Racial composition as of the 2020 census
| Race | Number | Percent |
|---|---|---|
| White | 123 | 68.3% |
| Black or African American | 0 | 0.0% |
| American Indian and Alaska Native | 26 | 14.4% |
| Asian | 0 | 0.0% |
| Native Hawaiian and Other Pacific Islander | 0 | 0.0% |
| Some other race | 6 | 3.3% |
| Two or more races | 25 | 13.9% |
| Hispanic or Latino (of any race) | 9 | 5.0% |

===2000 census===
At the 2000 census, there were 280 people, 107 households and 84 families residing in the town. The population density was 582.1 /sqmi. There were 121 housing units at an average density of 251.6 /sqmi.

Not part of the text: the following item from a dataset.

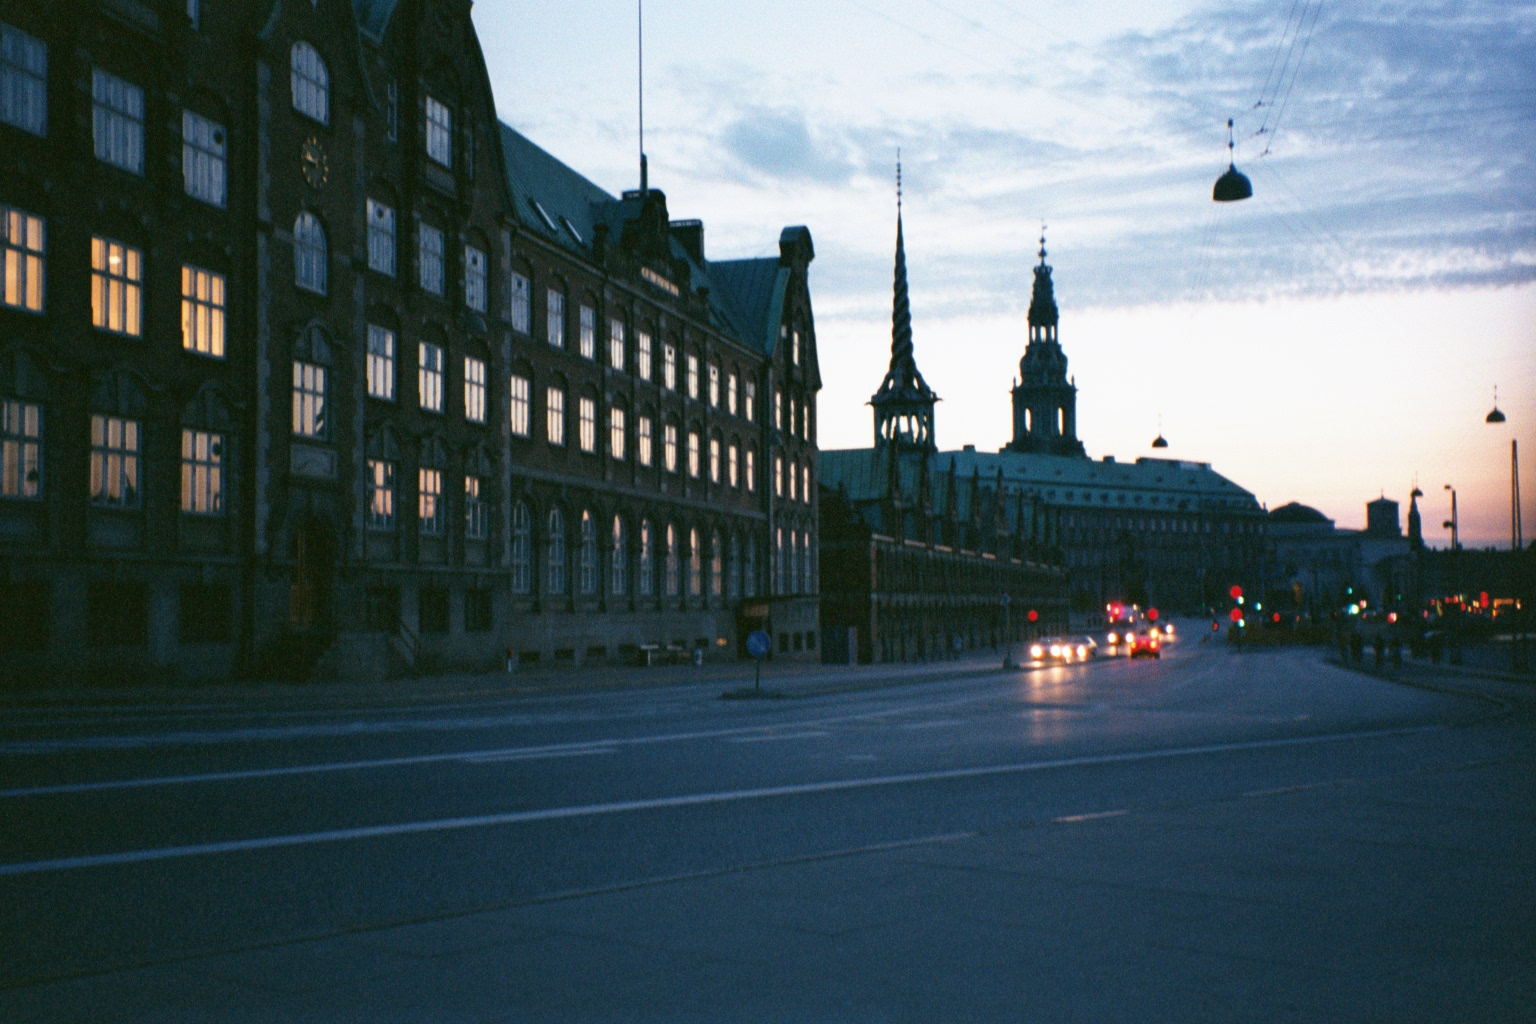 Copenhagen at night, after visiting Christiania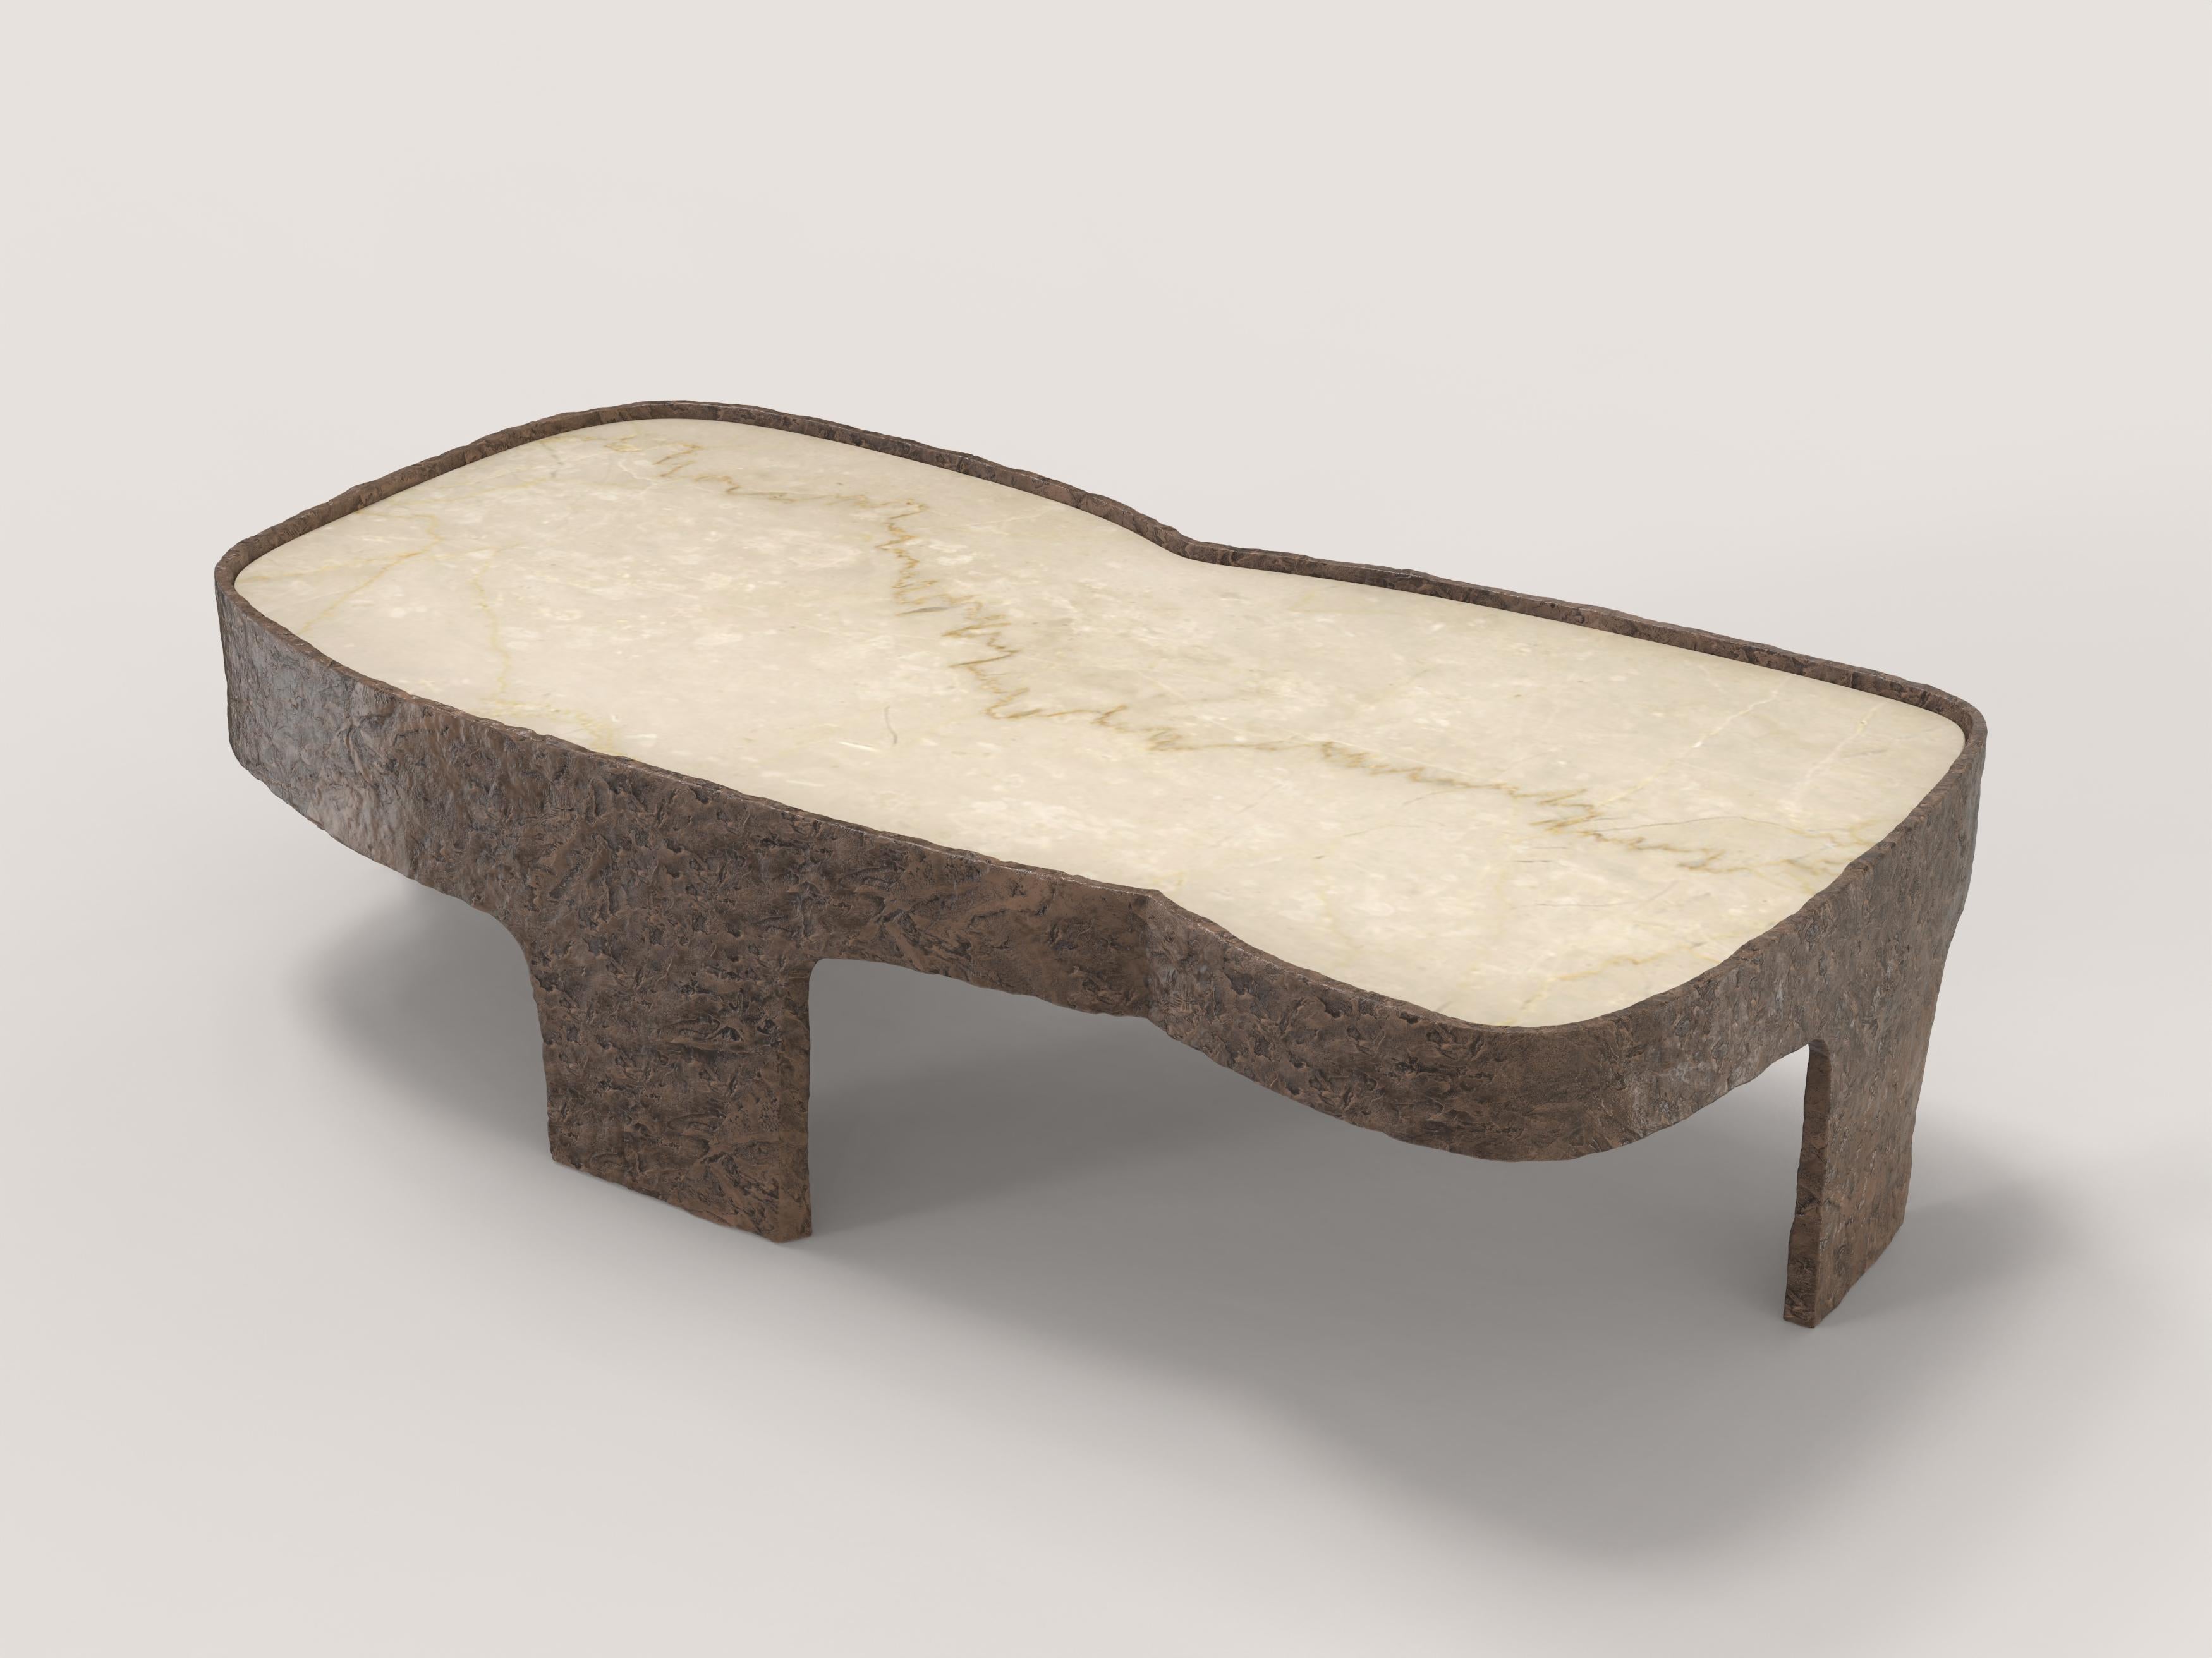 Contemporary Limited Edition Marble Bronze Table, Sumatra V3 by Edizione Limitata For Sale

The racial make-up was 67.50% White, 22.14% Native American, 0.36% from other races, and 10.00% from two or more races. Hispanic or Latino of any race were 2.14% of the population.

There were 107 households, of which 31.8% had children under the age of 18 living with them, 55.1% were married couples living together, 17.8% had a female householder with no husband present and 20.6% were non-families. 19.6% of all households were made up of individuals, and 12.1% had someone living alone who was 65 years of age or older. The average household size was 2.62 and the average family size was 2.96.

25.7% of the population were under the age of 18, 9.6% from 18 to 24, 26.4% from 25 to 44, 23.9% from 45 to 64 and 14.3% who were 65 years of age or older. The median age was 38 years. For every 100 females, there were 87.9 males. For every 100 females age 18 and over, there were 96.2 males.

The median household income was $19,479 and the median family incomewas $22,250. Males had a median income of $25,833 and females $17,500. The per capita income was $10,258. About 15.5% of families and 21.7% of the population were below the poverty line, including 30.8% of those under the age of eighteen and 12.2% of those 65 or over.